Data for this task:
== Segment start ==
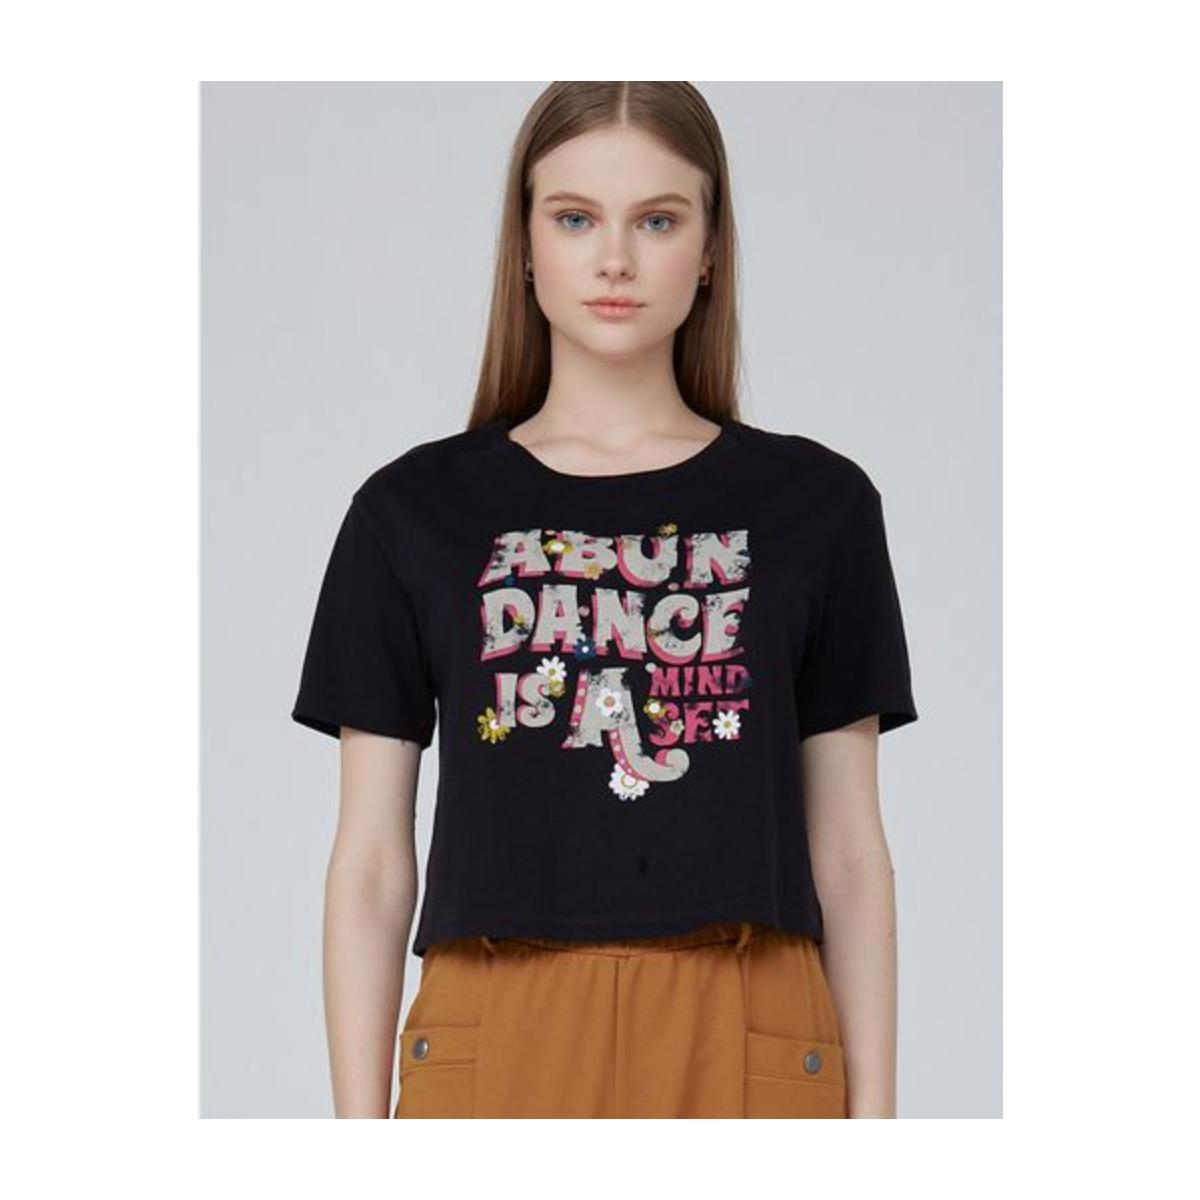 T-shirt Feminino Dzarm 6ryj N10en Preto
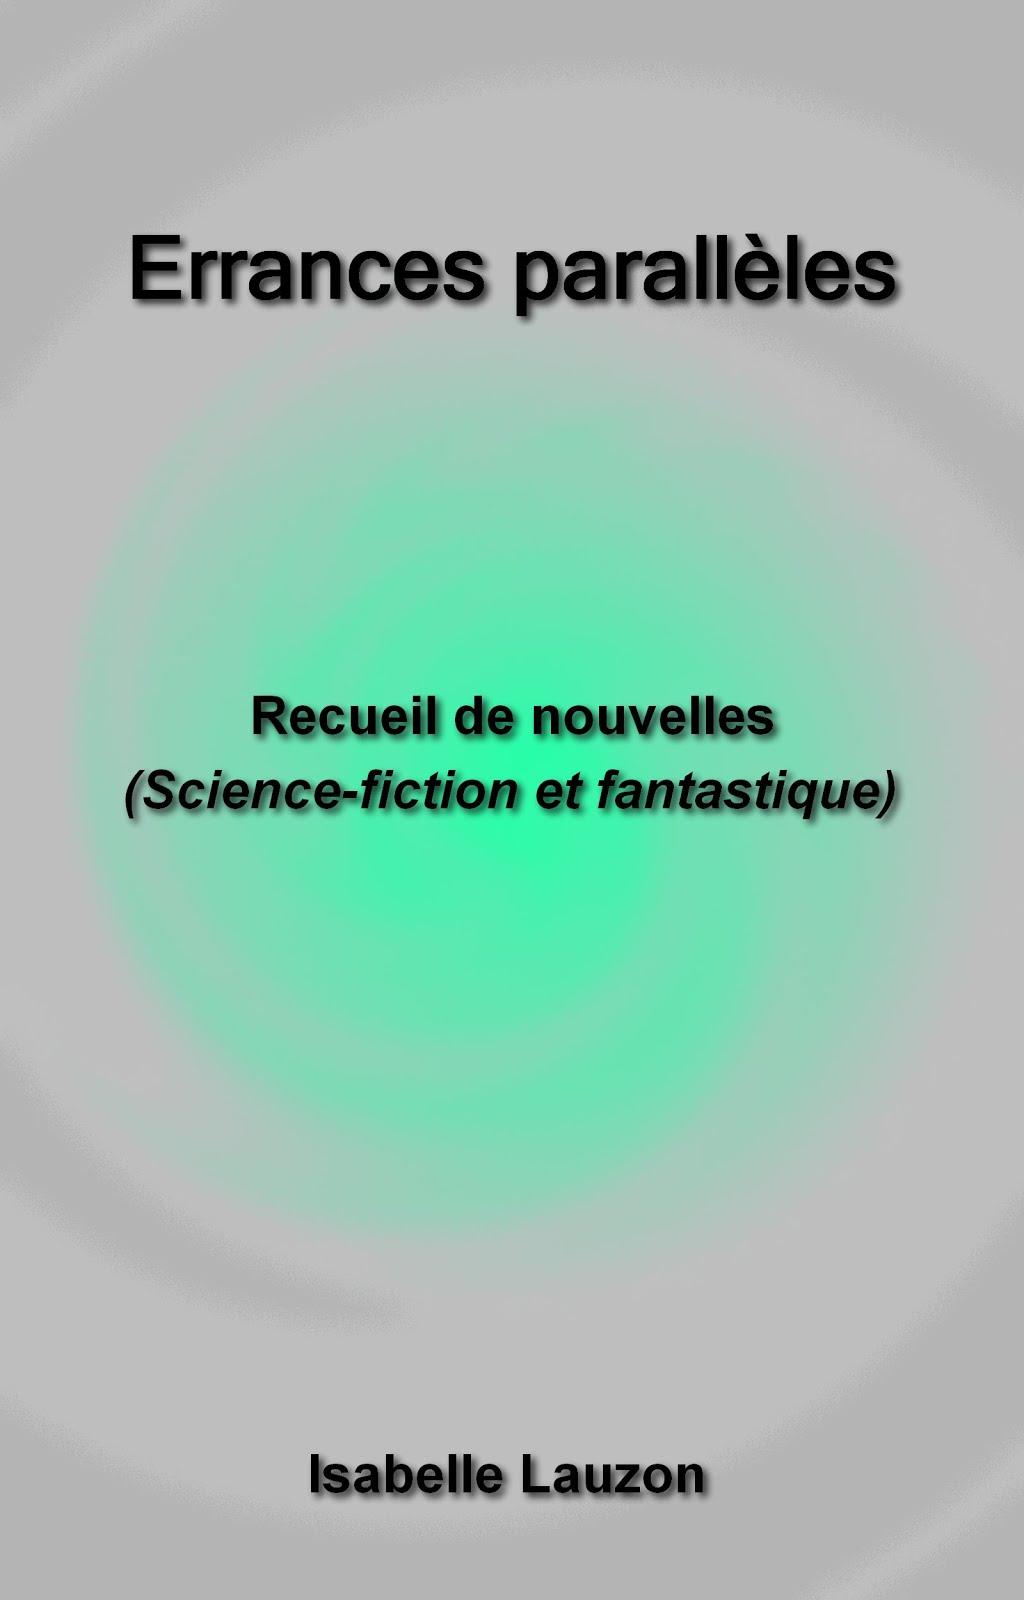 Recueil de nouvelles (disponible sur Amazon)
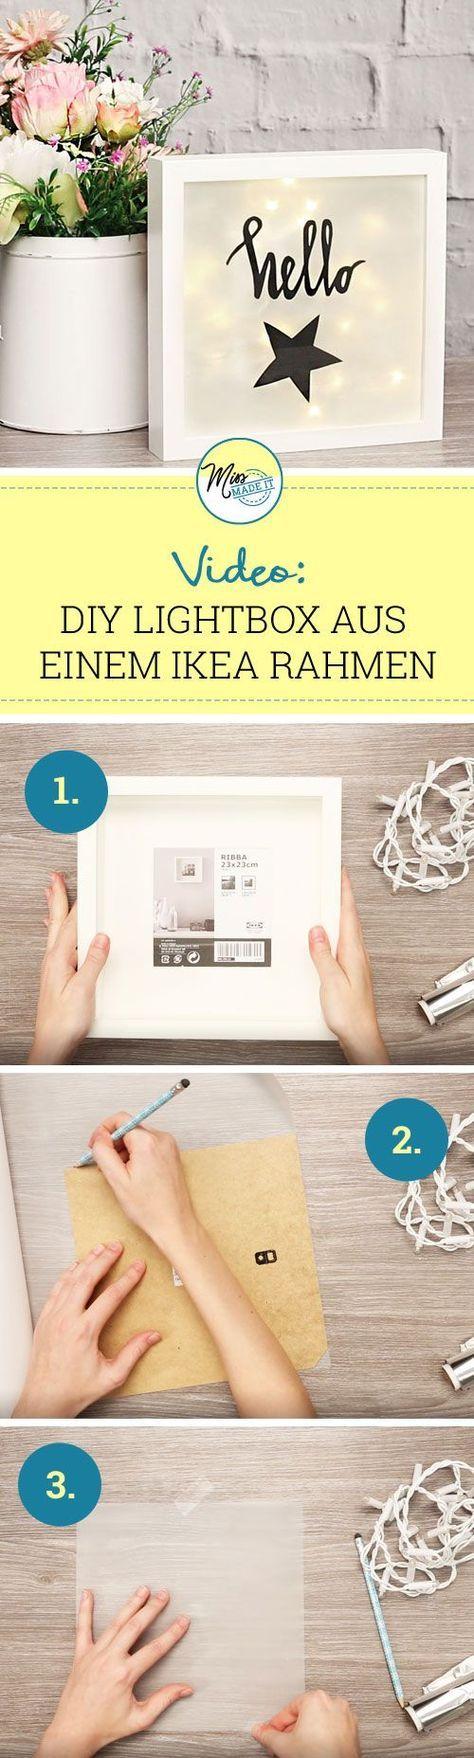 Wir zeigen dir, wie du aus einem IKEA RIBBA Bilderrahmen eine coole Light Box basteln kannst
== Segment end ==
== Segment start ==
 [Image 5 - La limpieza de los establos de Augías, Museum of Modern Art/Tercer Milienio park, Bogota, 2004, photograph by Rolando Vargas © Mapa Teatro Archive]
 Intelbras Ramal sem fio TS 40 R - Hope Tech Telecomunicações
== Segment end ==
Instructions to follow:
Both the line above containing "T-shirt Feminino Dzarm 6ryj N10en Preto" and the line containing "Wir zeigen dir, wie" belong in the copy, along with every line between them; print these exactly and omit the pictures.

Written reply:
 T-shirt Feminino Dzarm 6ryj N10en Preto
 Recueil de nouvelles (disponible sur Amazon)
 Wir zeigen dir, wie du aus einem IKEA RIBBA Bilderrahmen eine coole Light Box basteln kannst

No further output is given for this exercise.